Chapter 3 - Classification Flashcards
What performance measures can we use for a classifier?
1) Cross-validation
2) confusion matrix
3) precision and recall
4) The ROC curve
What do we mean by imbalanced classification problem ?
we have two classes we need to identify (for example, terrorists and not terrorists) with one category representing the overwhelming majority of the data points.
What is the difference between a binary classifier and a multiclass classifier ?
The binary model, classify object into 2 categories. The multiclass model classify object into multiple categories. Note that in these model, the object is part of 1 and only 1 class.
When talking about multiclass classifier, what is the difference between a one-versus-the-rest (OvR) strategy and a one-versus-one (OvO) strategy?
For example, let say we have 10 class to predict. We could use 10 binary classifiers predicting if each object is part of a particular class or not and take the highest probability, that (OvR). If instead, we train the model to predict if the object is in class 1 versus 2 and then 1 versus 3,…, until we get to 9 versus 10, then that (OvO).
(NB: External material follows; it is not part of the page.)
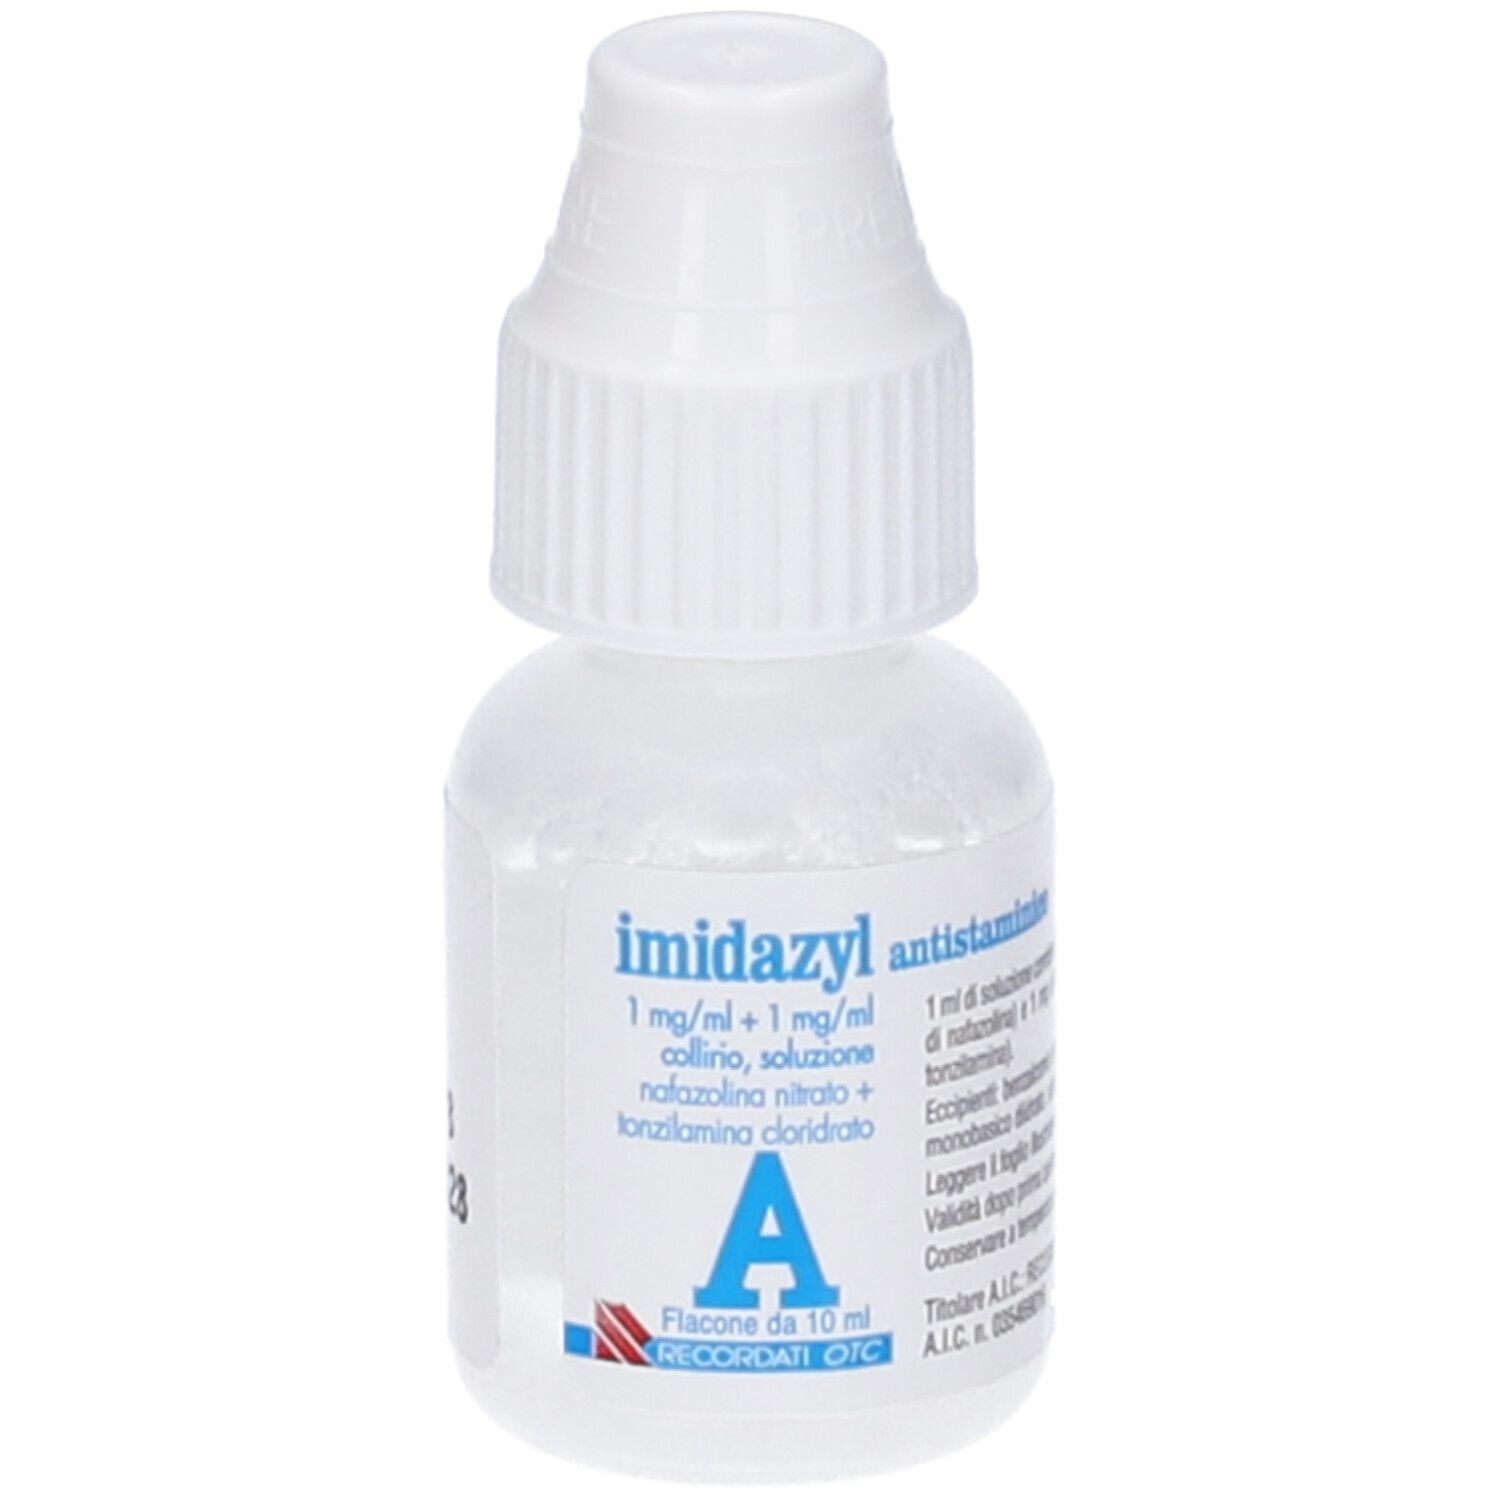 Imidazyl antistaminico 1 mg/ml Collirio Flacone

What do the row and column represent in a confusion matrix
The row represent the actual classes, while the columns represent predicted classes.
What do we mean by multilabel classification ?
In multilabel classification an object could be part of multiple classes at the same time. For example, let say a classifier is trained to recognize three face, Alice, Bob and Charlie. Then when the classifier is shown a picture of Alice and Charlie, it should output [1,0,1], meaning Alice yes, Bob no, and Charlie yes.